In the past week, the government took a bold step and announced its plan of action on how to put an end to the recession plaguing the economy.  In no uncertain terms it made known that it regards important not only the monumental challenges in two key sectors, namely  production and employment, but knows better than most of its pronounced critics the appropriate exit mechanisms.

 Anti-Stagflation Policy     

Having established that to foster economic growth the government will be adopting only those policies which are not inflationary in nature, was seen as a remarkable achievement because it provides the government the authority to shun policies that  are not anti-inflationary in nature. This progress demands mention also because the government will be capable of resisting pressures from those seeking loans under the false pretext of underpinning the domestic production sector but actually fuel inflation.  

With such a strategy the government makes the point that lending that supplies oxygen to the burning fires of inflation are indeed a thing of the past. In the mean time it also addresses the concerns of those economic pundits who give importance to the inflation issue and believe in paving the way for economic stability in the long-run which ultimately leads to decent growth figures and an end to the recession.

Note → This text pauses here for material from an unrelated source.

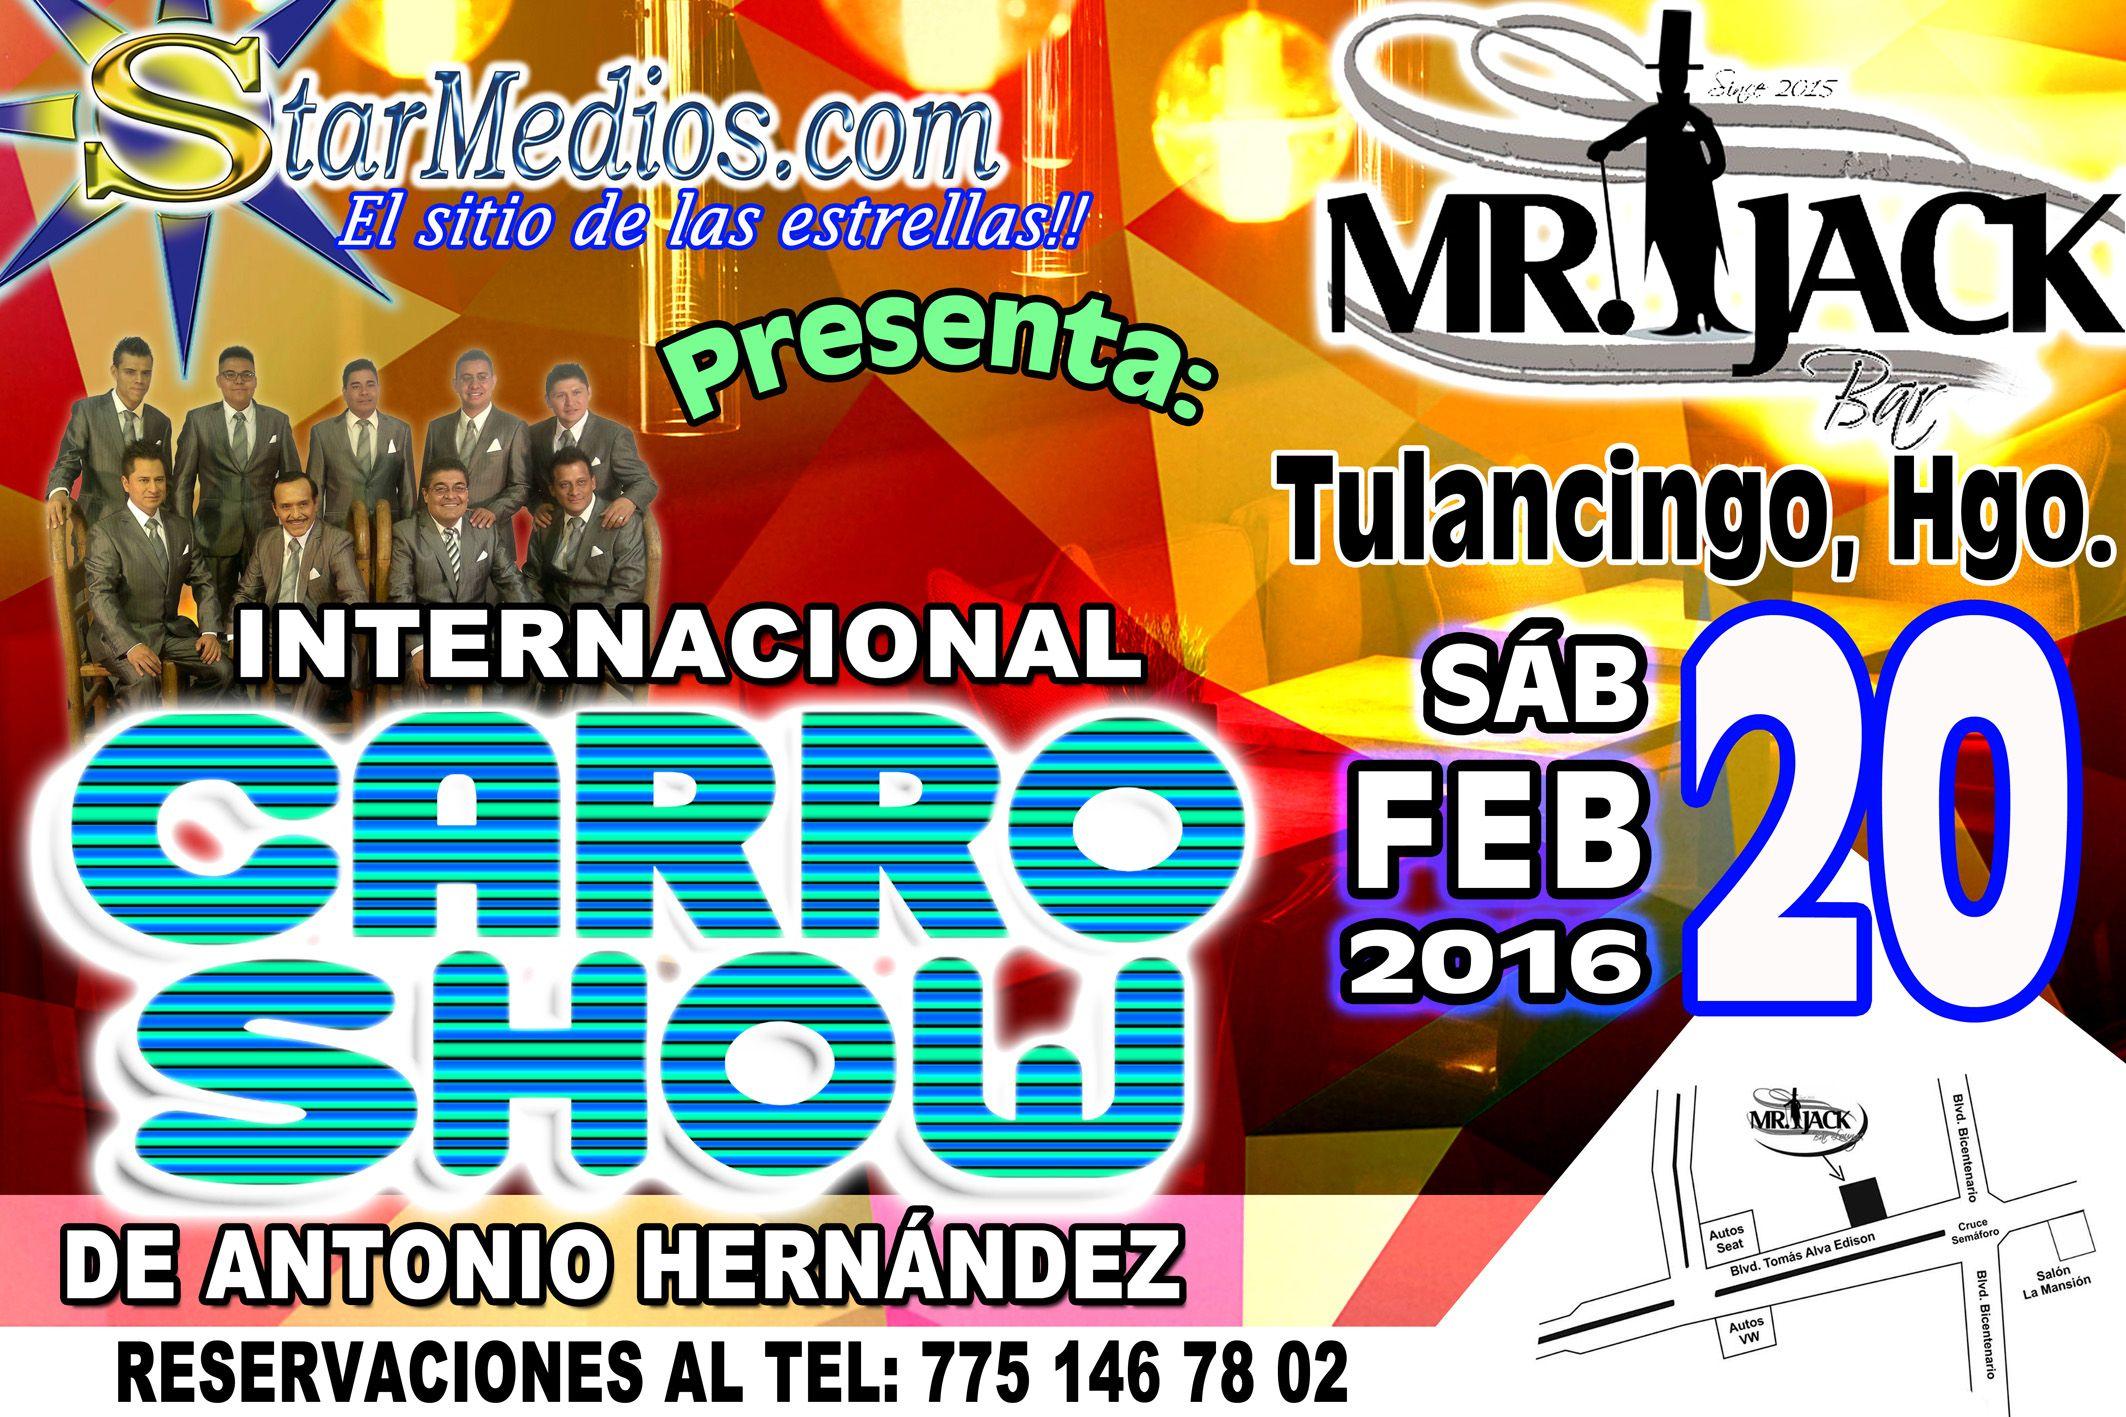 Internacional Carro Show de Antonio Hdez

This indicates that the state still adheres to anti-inflationary targets and does not intend to loosen its grip over its gains. The recent roadmap indicates that policymakers are aware of the fact that the state’s primary duty on the road to helping ensure the prosperity of the masses is to provide a suitable environment and space for businesses. The government should not act as a producer or storekeeper, rather it should offer assurances and create the instruments for sustainable macroeconomic growth and minimize risks for the market by means of which the future economic growth can and should be anticipated for employers who create jobs and help cut the dole queues.

Even though creation of such an environment, which is said to be the major highlight of an anti-recession strategy, normally responds favorably over an extended period of time, but in short- term could well be effective and produce the desired results. Hence, the economic variables could be influenced by the same strategies in remaining part of 2014 and the year to come.

Needless to say, all the variables of the economy will start responding positively if and when the undeniable right of ownership (enshrined in divine faiths) is respected and granted by the state. This will prevail when the state upholds the freedom when it comes to pricing mechanisms, stops interfering in the market, and not operate as one of the market-led employers. It should demonstrate the much-awaited willingness to allow the actual producers to enjoy the fruits of their own hard work. In short, it is the responsibility of the state to ensure that all necessary steps to underscore a free and competitive market are taken and adhered to.